# Leerburg Online Training



## robertb1018 (May 24, 2014)

Has anyone ever tried doing the Leerburg online training? If so, how was it?


----------



## VanBuren shepherds (Dec 3, 2012)

I have. It's decent for the most part, but it has a lot of long videos and a lot of the things are repeated over and over.

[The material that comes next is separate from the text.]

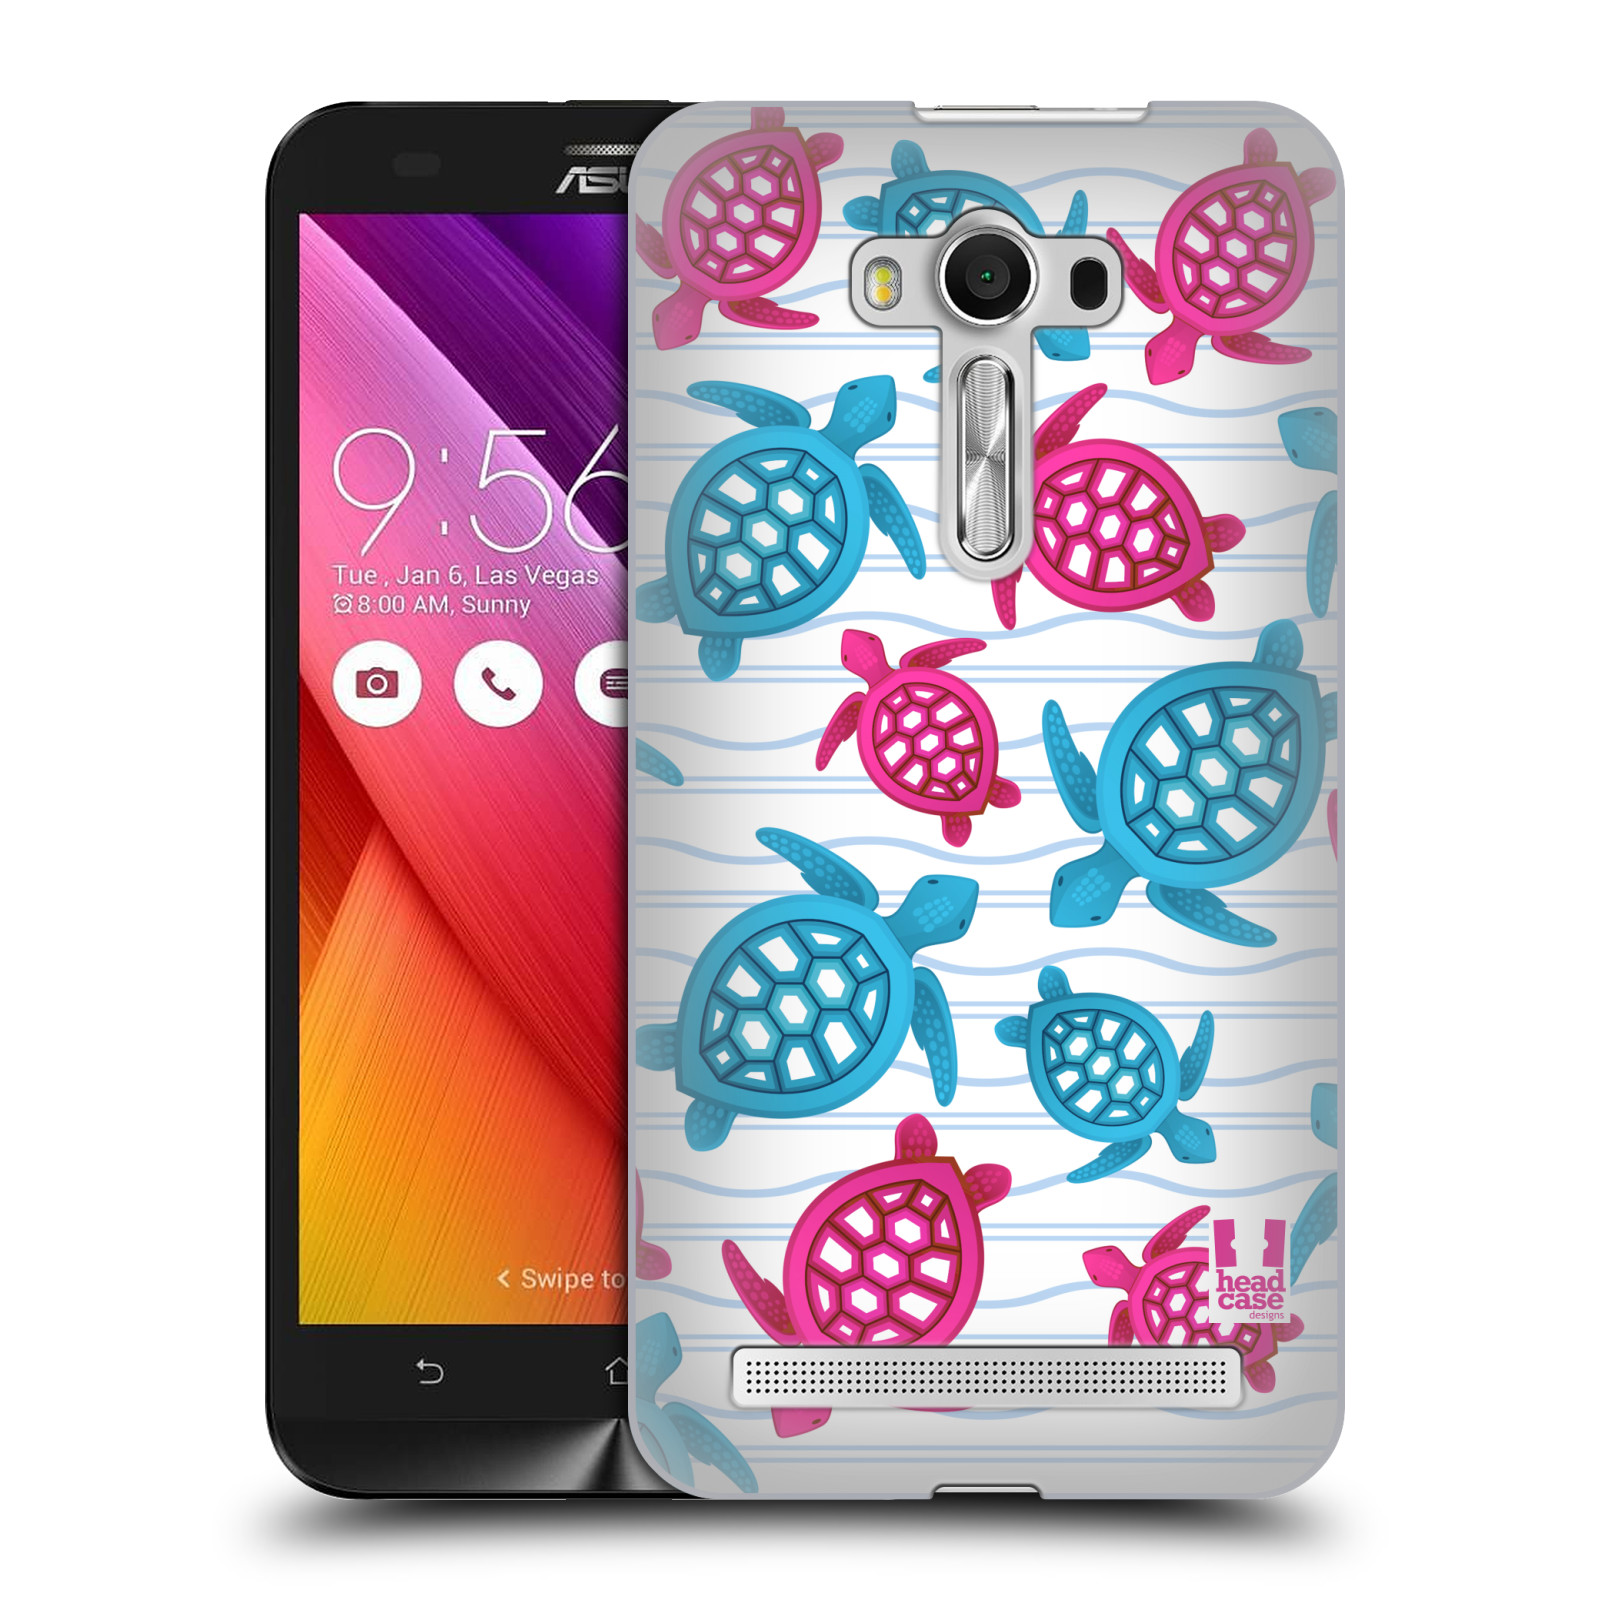 HEAD CASE plastový obal na mobil Asus Zenfone 2 LASER (5,5 displej ZE550KL) vzor mořský živočich želva modrá a růžová

But I'm willing to do any thing to learn any different type of training I can to better my program. 


Sent from Petguide.com Free App


----------



## VanBuren shepherds (Dec 3, 2012)

If you can handle all of the numerous typos it's not too bad. 


Sent from Petguide.com Free App


----------



## Pioneer53 (May 5, 2006)

http://www.germanshepherds.com/foru...ic/461617-has-anyone-ever-tried-training.html


----------



## VanBuren shepherds (Dec 3, 2012)

I actually had to contact them and inform them that one of their questions on the test was incorrect. 

The question was: "at some point every dog will need some kind of correction" true/false

Of course the answer is true, but that answer was marked as wrong. I contacted them and they corrected the mistake and everyone's scores who had taken the test. 

I don't know if the saddest part was their mistake or everyone who had taken the test not noticing the mistake.


Sent from Petguide.com Free App


----------